Wednesday, October 13, 2004

Bill O'Reilly is sued

Here is the sexual harassment lawsuit against FoxNews's Bill O'Reilly. O'Reilly says that it is extortion.

Whether or not the claims against O'Reilly have merit, it does sound like extortion to me. The claims are titillating, but not substantial. For example, the former employee threatens to reveal that O'Reilly wife has a vibrator.) The main purpose was an exorbitant confidential settlement. Conventional wisdom says that extortion is legal if it is done by a lawyer, but the law doesn't actually read that way.

People think that Bill O'Reilly is a conservative, and he is on some issues, but he also suffers from the liberal delusion that courts, lawyers, government social workers, teachers, and other do-gooders can be relied upon to look out for the interests of children.

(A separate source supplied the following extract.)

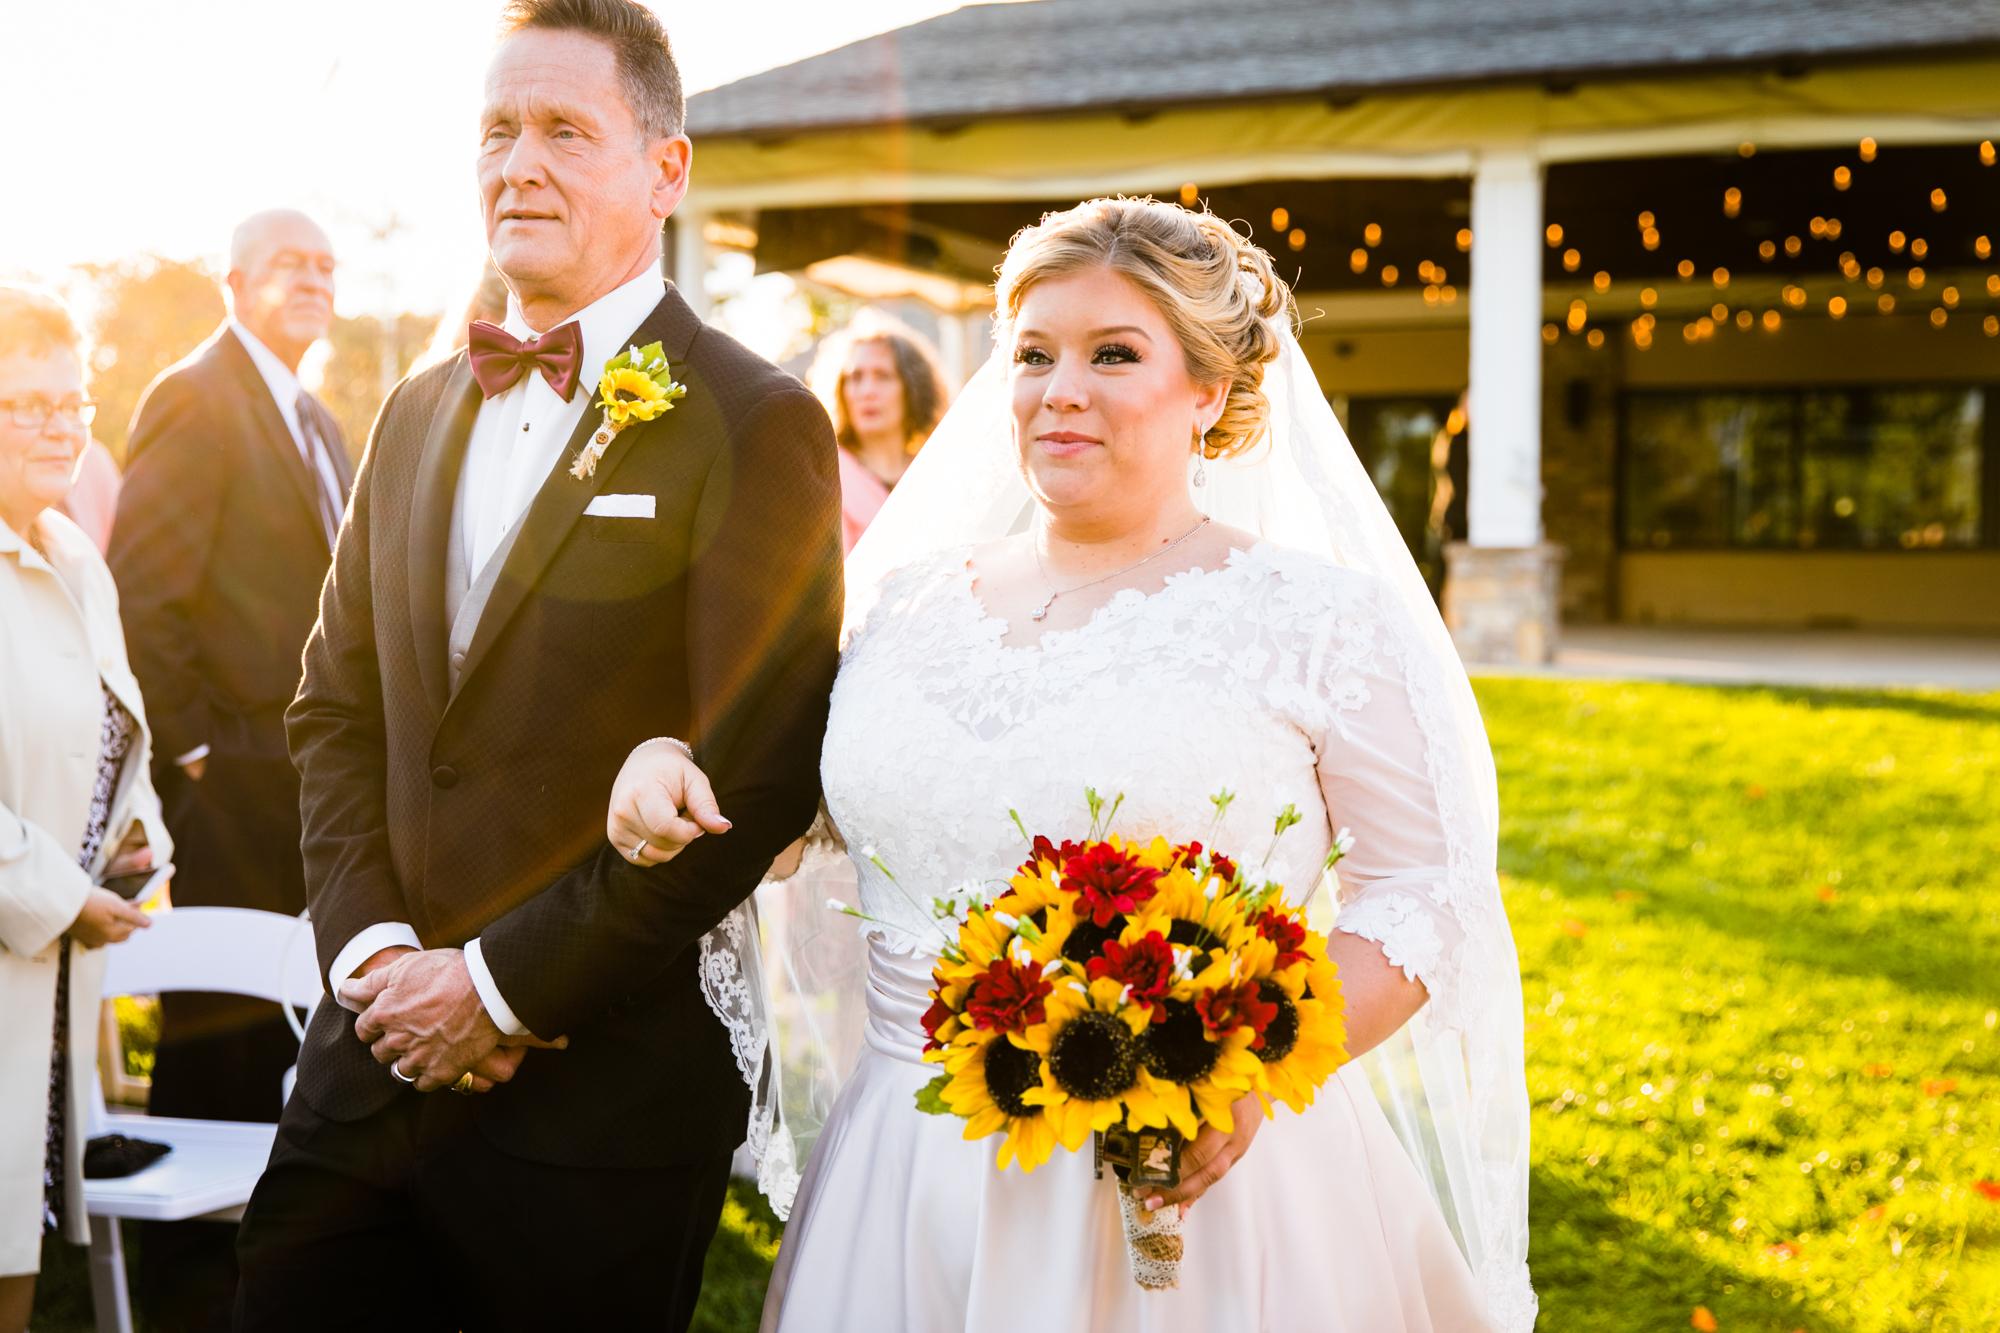 Cedar Brook Country Club Wedding Photography - Lovestruck Pictures-068.jpg

On Oct. 3, 2002, he said:
That's one thing that Hillary Clinton got right -- everybody's gotta be looking out for the kids because sometimes the parents are not.
It will be interesting to see how this lawsuit changes his worldview.

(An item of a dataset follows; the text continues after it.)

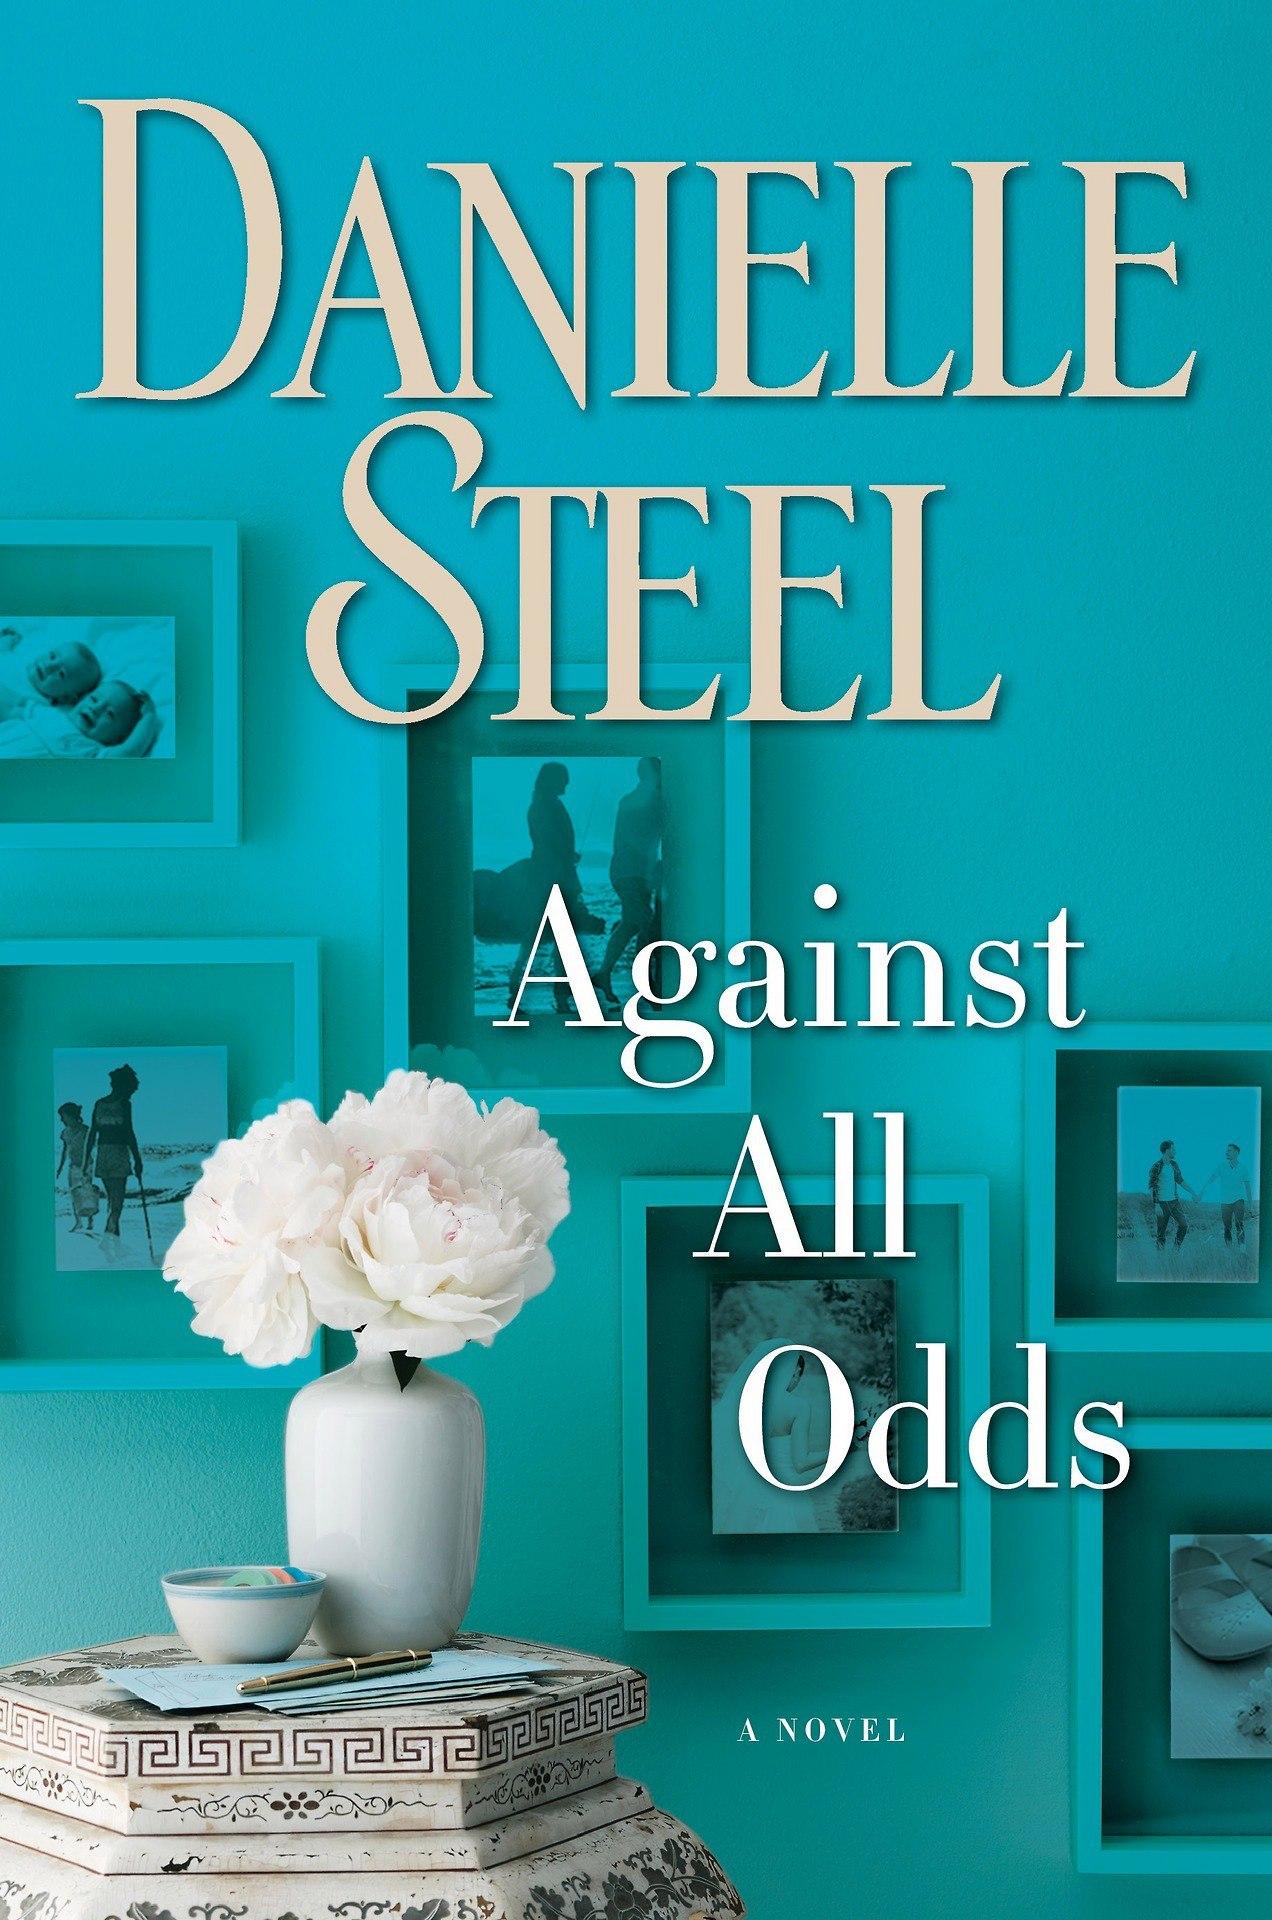 Danielle Steel – Against All Odds

At one point in my wife's divorce lawsuit, her lawyer offered to keep the charges against me confidential. She was very careful not to make the offer in writing. She hinted about how I could be embarrassed by publicity from the case, and from the accusations that my wife was going to be making. She promised to file a motion to ask the court to seal the court records, but then refused to do so.

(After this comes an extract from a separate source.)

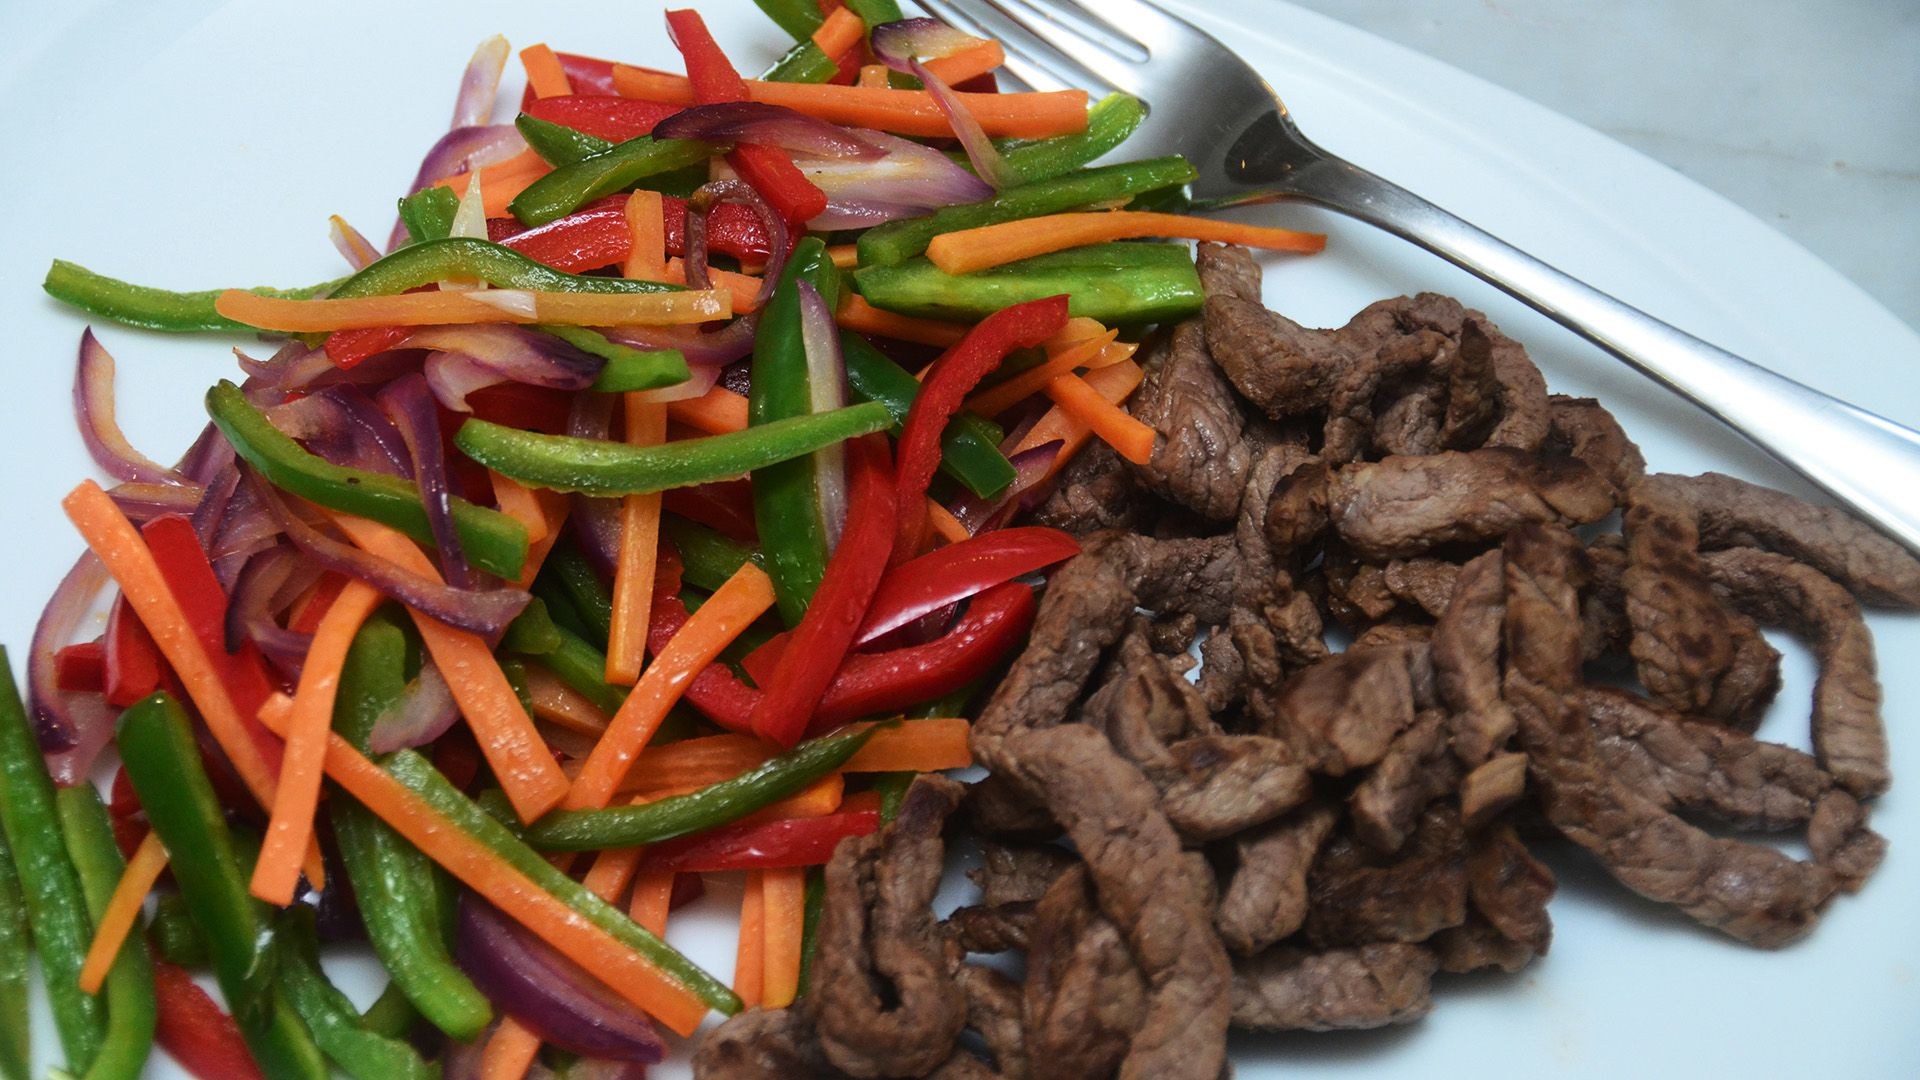 Vegetales con carne

In retrospect, I was foolish to take her position at face value. She was using standard code words for an extortion attempt. Had I been represented by a lawyer, he would have advised me to respond with a confidential settlement offer. Her lawyer figured that I would be willing to pay a lot of money in order to keep her accusations secret.

But lawyers are almost never punished for extortion. (An isolated exception is cited on Volokh's legal blog.) The lawyers who were trying to extort Bill O'Reilly will just say that they were just trying to get a remedy for their client's grievances, and that they were even ethically bound to advance their client's interests in any way possible. My wife's lawyer would say something similar.